Story + Photographs by J R Compton
I've
been putting off writing this, because
it's not about the art. It's more about the opening,
with photographs I took informally. Unusually, I didn't take photographs
of the art on the walls, except behind some people looking
at it.
Not that I don't care about the art in this art show, it's that
I don't have anything to write about it. No reflection on the art.
Maybe a reflection on me, but mostly a reflection of the reality
of the art not really being all that important, for a change.
I didn't want to wait
any longer to say what I do have to say about this event. I almost
put the photographs with one of my
essays, but they clearly did not belong there. They belong here
on the cover of DallasArtsRevue.

What I care about this show — and
I'm talking here about Salon du FIT,
an unwieldy title for a fairly unwieldy art show involving a whole
mess of local artists — is the opening. It was a big party,
with good food and lots of good people, many of whom are, in one
way or another, artists.
Good talkers, too. Which was one of the intentions of the show,
really.
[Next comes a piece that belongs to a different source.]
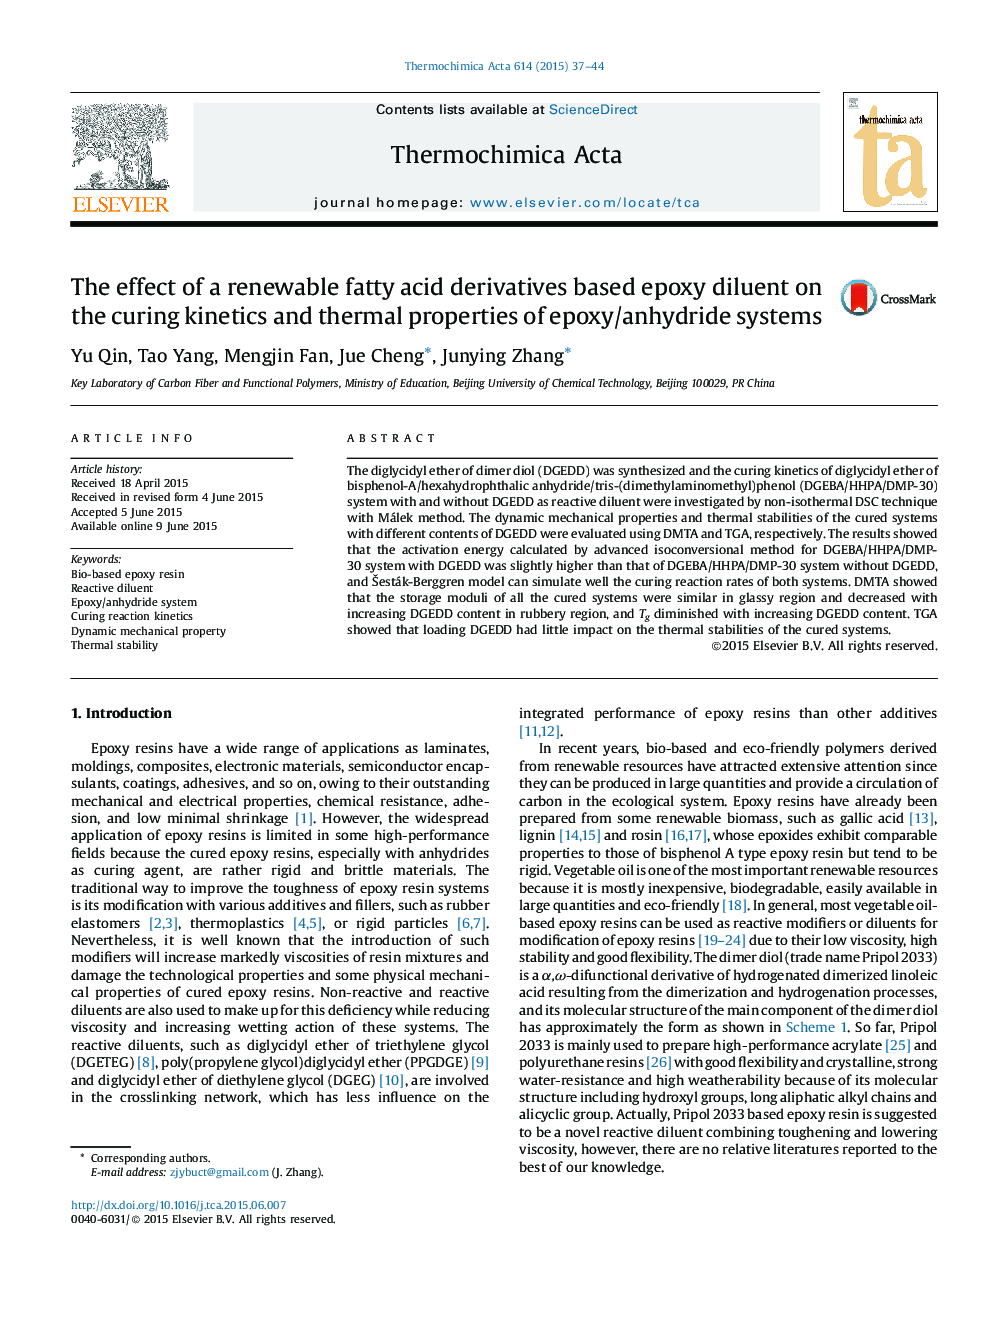 The effect of a renewable fatty acid derivatives based epoxy diluent on the curing kinetics and thermal properties of epoxy/anhydride systems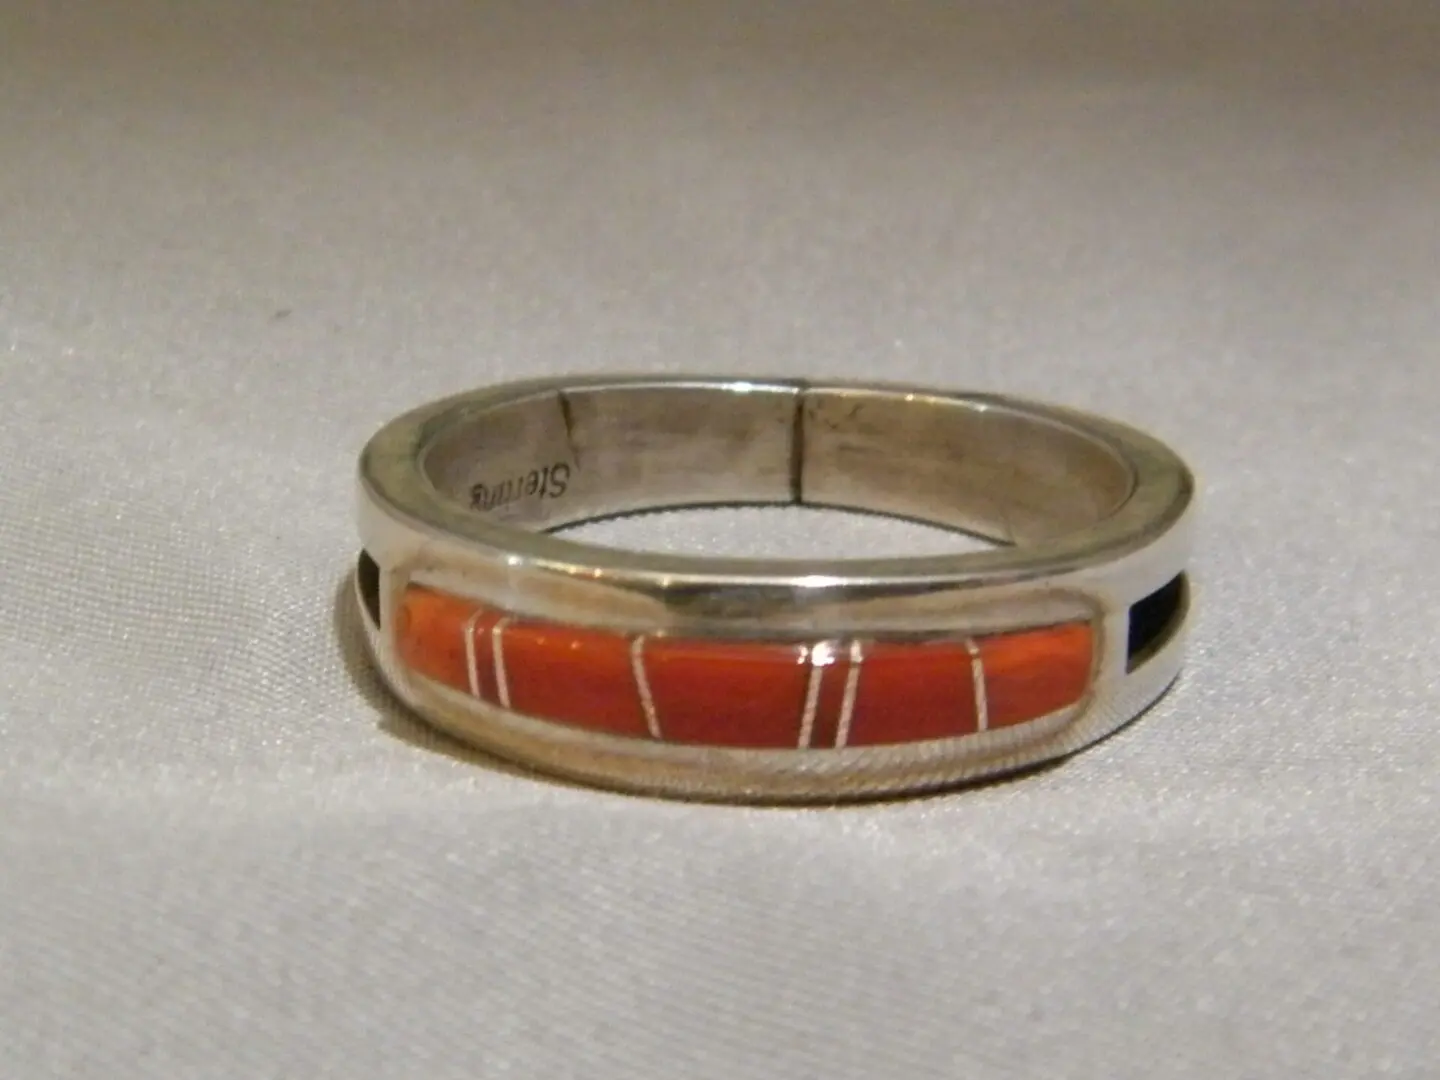 A Silver Ring With Orange Stone and Gold Lines

Not that many shows invite artists, then let us choose
our own work to be in a show.
That's a nice touch.
But the nicest touch was the
set and setting of this show showing in combination with a festival
of independent theatre (FIT).
In several ways, it was theatre. But nothing scripted,
only hoped.
Darned few shows bring in a bunch of comfortable furniture in
comfortable, conversational groupings, with plants and rugs and
other accoutrements of real living, then let the audience sit comfortably
around in the gallery and talk, especially during a very crowded
and immensely popular opening reception.
Patterned after salons from the
early parts of the last century and earlier, this salon and its
perpetrators wanted people to sit among art and talk about art.
To be part of the art all around us.
And that's what happened. It was a great party, and the art was
nice, too.
The show continues
at the Bath House Cultural Center on White Rock Lake through
August 7. More
information, including a list of all the artists whose
work is in the show, is on the DARts calendar.
Andy
Hanson photographing me photographing him.
We shared a darkroom at the Dallas Times
Herald in the early 70s when we were staff photogs there.
He's since put me in several publications, most notably a photo
of me mooing in front of a Roger Winter painting on the same
inside back page of D Magazine as
Tom Landry and that guy who owns the Cowboys playing poker.
So it's about time I put him somewhere special. Note the colorful
summer art crowd in the the Bath House's big gallery.